▶ PROBLEM REQUIREMENTS
Report the number of lines in the data below where the string "Amazon" shows up, and only that number.
[ENTRIES PROVIDED — start]
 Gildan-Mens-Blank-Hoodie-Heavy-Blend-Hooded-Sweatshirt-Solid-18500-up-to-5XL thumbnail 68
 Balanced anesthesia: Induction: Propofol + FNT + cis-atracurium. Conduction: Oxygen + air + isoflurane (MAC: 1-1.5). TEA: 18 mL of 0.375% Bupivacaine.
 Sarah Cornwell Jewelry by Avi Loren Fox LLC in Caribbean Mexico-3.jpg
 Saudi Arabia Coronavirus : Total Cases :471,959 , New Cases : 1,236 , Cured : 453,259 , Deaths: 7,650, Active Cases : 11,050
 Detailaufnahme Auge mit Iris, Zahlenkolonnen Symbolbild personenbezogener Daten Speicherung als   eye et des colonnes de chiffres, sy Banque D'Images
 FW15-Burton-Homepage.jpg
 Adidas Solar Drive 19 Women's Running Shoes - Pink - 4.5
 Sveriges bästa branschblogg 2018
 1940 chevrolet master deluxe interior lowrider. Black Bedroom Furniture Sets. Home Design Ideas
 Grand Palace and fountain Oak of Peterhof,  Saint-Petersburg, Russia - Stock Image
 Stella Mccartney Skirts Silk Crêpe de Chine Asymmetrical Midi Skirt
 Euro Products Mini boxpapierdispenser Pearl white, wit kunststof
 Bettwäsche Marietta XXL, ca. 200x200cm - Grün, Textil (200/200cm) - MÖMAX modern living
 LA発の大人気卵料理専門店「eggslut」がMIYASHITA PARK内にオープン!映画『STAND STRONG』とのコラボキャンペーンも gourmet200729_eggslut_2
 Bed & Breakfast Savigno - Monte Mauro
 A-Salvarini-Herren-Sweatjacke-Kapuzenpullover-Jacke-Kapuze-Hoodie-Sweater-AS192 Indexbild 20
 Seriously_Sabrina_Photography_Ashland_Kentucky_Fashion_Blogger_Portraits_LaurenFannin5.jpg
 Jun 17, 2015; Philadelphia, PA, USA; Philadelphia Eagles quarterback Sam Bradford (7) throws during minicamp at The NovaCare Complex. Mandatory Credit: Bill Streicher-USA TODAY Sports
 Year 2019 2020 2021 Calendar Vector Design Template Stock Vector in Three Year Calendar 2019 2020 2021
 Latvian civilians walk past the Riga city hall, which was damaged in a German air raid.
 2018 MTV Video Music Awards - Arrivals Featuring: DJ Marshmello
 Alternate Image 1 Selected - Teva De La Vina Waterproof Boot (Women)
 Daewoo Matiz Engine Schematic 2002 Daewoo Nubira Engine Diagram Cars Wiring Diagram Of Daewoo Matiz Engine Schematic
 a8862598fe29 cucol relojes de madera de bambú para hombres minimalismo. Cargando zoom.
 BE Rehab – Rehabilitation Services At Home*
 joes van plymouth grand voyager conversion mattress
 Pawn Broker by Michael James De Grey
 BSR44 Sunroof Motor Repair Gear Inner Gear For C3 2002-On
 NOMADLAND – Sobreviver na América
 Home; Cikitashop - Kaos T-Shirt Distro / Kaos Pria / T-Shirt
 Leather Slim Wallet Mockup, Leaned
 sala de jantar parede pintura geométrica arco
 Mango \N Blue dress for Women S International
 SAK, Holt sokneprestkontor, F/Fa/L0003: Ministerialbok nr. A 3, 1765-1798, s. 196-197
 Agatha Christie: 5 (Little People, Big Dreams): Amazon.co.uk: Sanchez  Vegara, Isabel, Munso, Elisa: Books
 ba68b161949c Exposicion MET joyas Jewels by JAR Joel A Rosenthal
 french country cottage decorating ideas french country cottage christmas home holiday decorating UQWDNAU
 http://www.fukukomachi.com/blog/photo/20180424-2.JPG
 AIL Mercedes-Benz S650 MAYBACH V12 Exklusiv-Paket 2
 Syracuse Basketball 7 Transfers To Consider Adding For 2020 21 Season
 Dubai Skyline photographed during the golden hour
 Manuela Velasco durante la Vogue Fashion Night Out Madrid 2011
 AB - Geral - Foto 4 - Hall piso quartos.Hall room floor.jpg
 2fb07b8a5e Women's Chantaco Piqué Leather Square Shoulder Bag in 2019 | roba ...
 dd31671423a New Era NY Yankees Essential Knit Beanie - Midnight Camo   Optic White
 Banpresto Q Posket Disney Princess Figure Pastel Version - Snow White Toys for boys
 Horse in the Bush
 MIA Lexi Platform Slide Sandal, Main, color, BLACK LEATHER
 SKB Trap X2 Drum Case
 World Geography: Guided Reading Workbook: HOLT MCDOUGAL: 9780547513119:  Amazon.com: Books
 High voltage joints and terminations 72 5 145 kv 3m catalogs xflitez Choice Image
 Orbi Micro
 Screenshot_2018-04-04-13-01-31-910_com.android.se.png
[ENTRIES PROVIDED — finish]
▶ ANSWER TO THE EXERCISE
2